I'm having difficulty passing the path of a file to a library called Textract.
def file_to_string(filepath):
text = textract.process(filepath)
print text
return text
Here is my upload form in views.py
if request.method == 'POST':
upload_form = UploadFileForm(request.POST, request.FILES)
if upload_form.is_valid():
file = request.FILES['file']
filetosave = File(file=file, filename=file.name)
filetosave.save()
if validate_file_extension(file):
request.session['text'] = file_to_string(file) # something in here
else:
upload_form=UploadFileForm()
models.py
class File(models.Model):
filename = models.CharField(max_length=200)
file = models.FileField(upload_to='files/%Y/%m/%d')

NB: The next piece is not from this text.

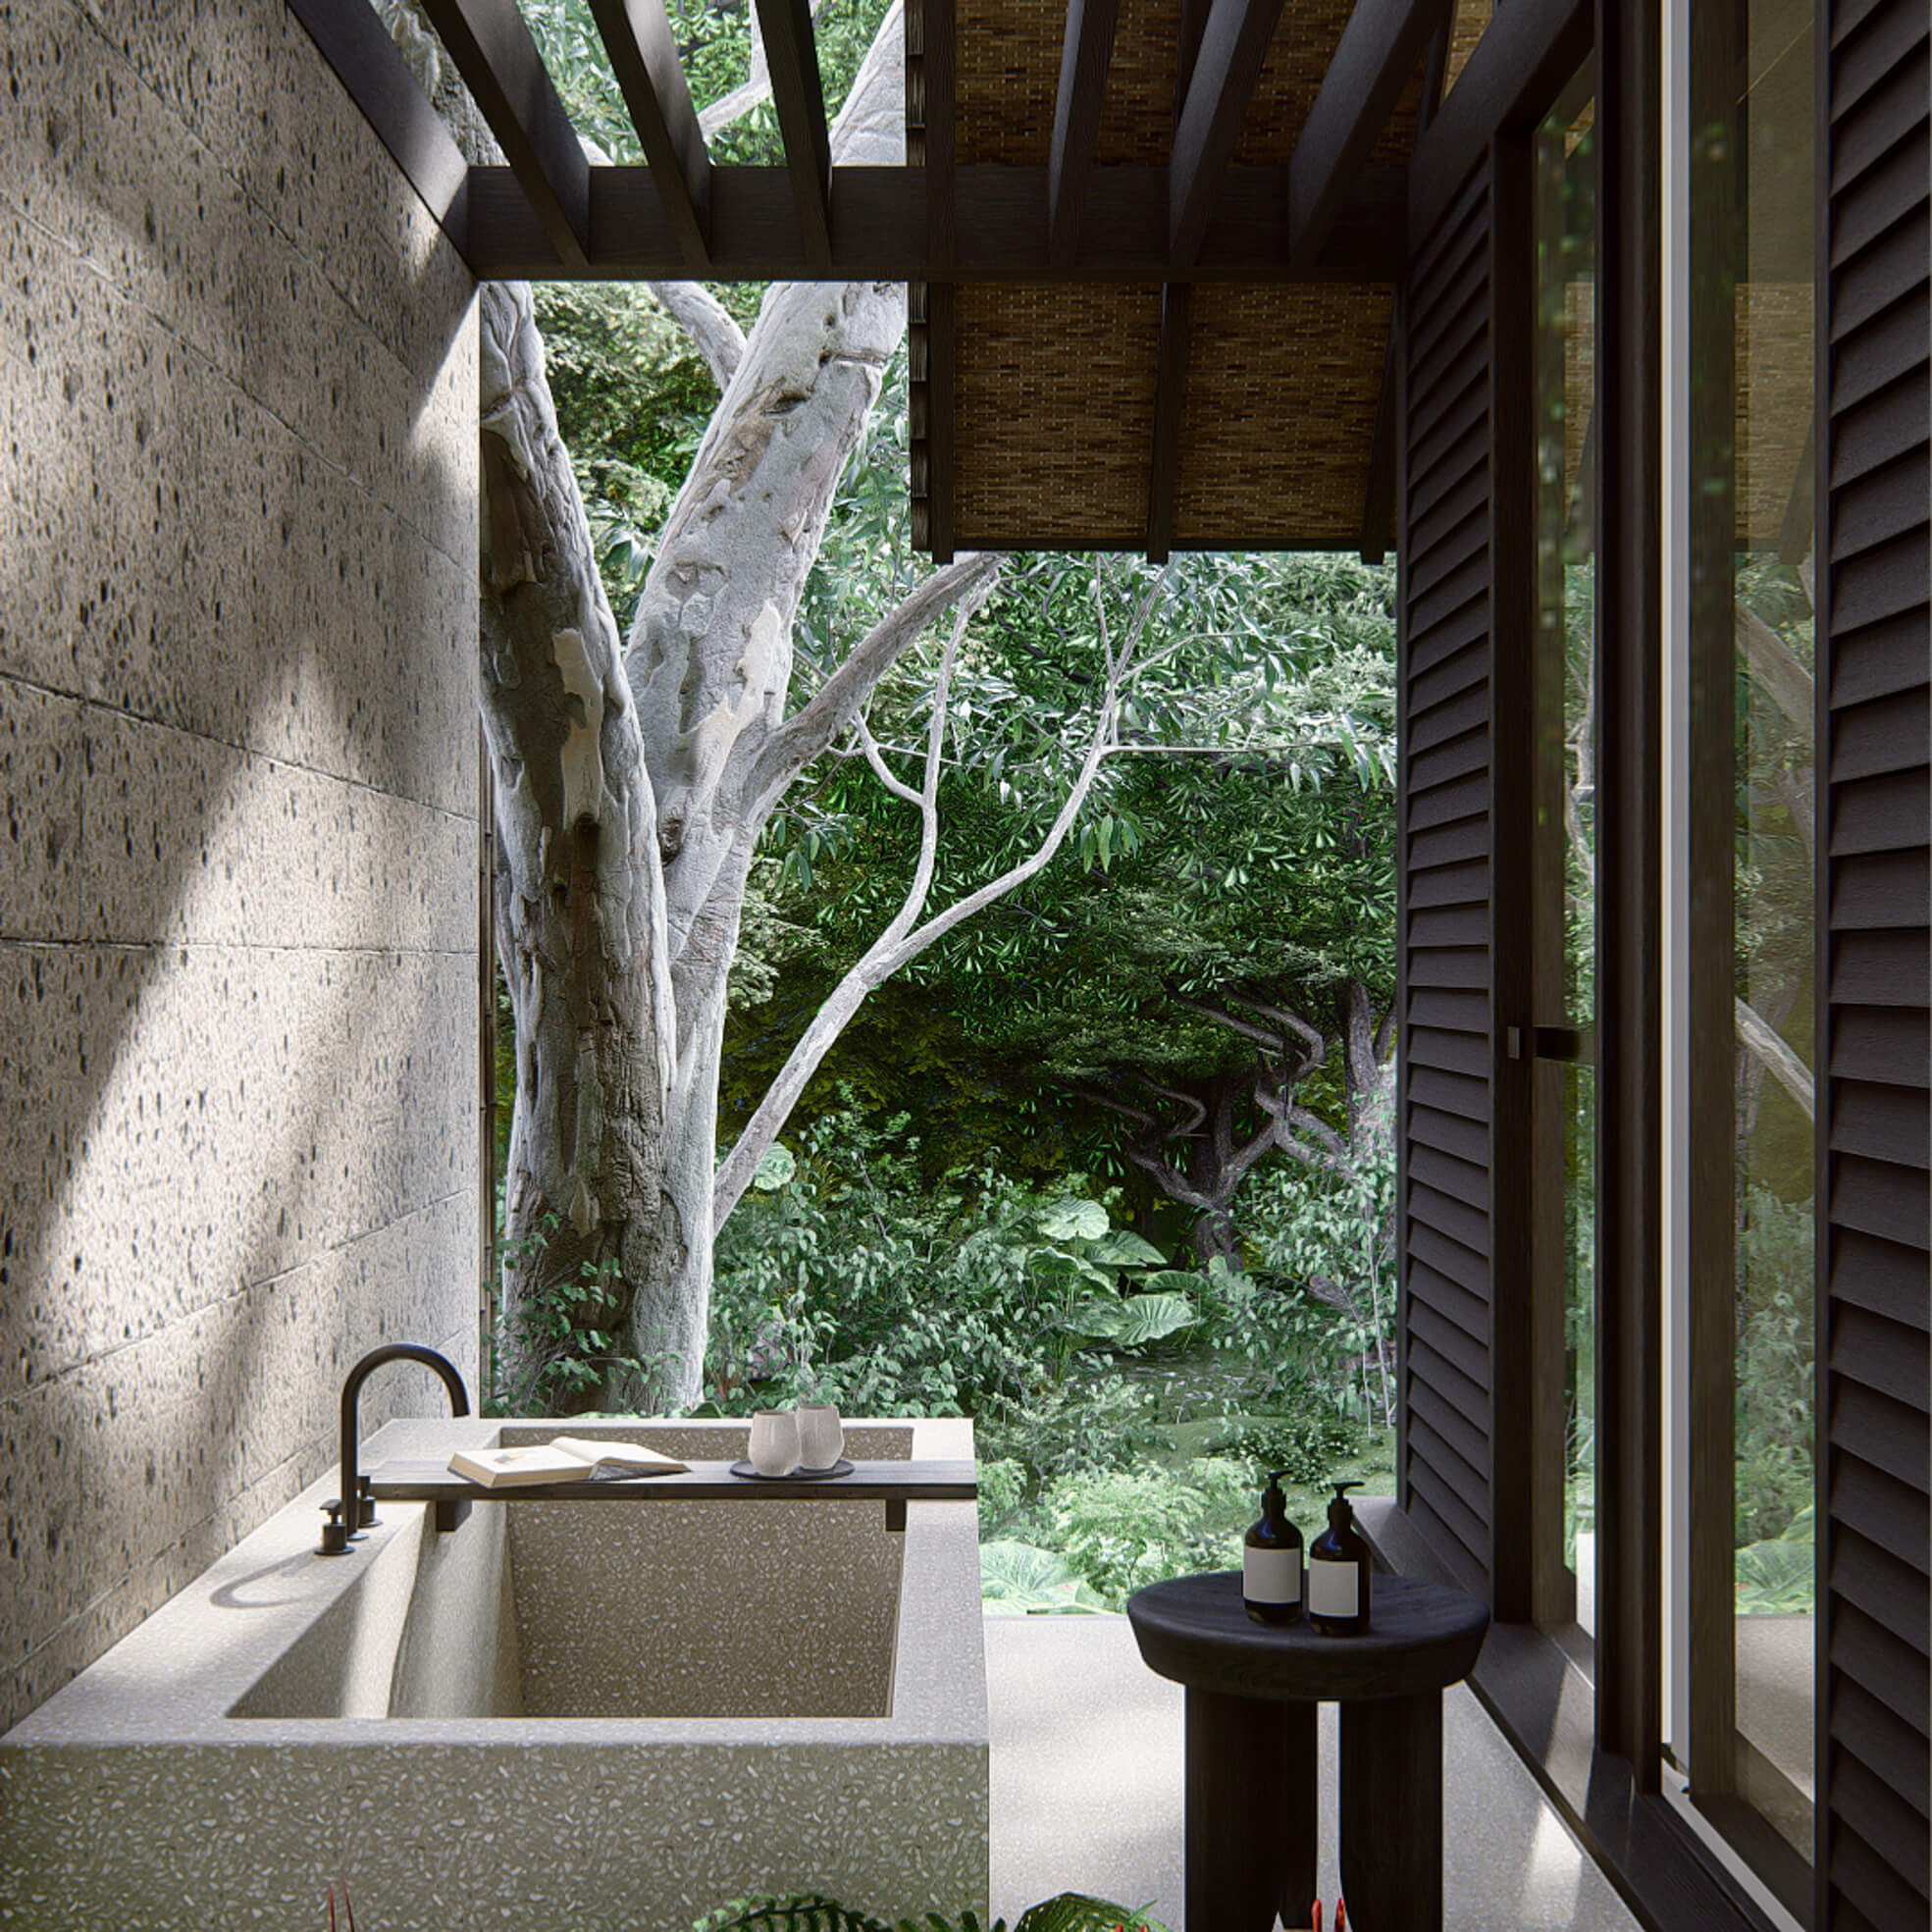 Typical bathtub area at Villa Nyanyi Bali

upload_date=models.DateTimeField(auto_now_add =True)
status = models.CharField(max_length=200)
def __unicode__(self):
return self.filename
Now Textract expects a path to go into file_to_string(filepath)
. If I try to pass in the file object it gives me an error: "coercing to Unicode: need string or buffer, InMemoryUploadedFile found"
.
But if it is an InMemoryUploadedFile type, how do I get the path? I understand this is stored in memory and doesn't have a path.
How should I handle this -- should I save the file object first and then try to access it?
If I save the file and then try request.session['text'] = file_to_string(file.name)
it gives a MissingFileError
, though the docs say that this should give the name of the file including the relative path from MEDIA_ROOT.
Thanks a lot in advance.
request.session['text'] = file_to_string(filetosave.file.path)
should do the trick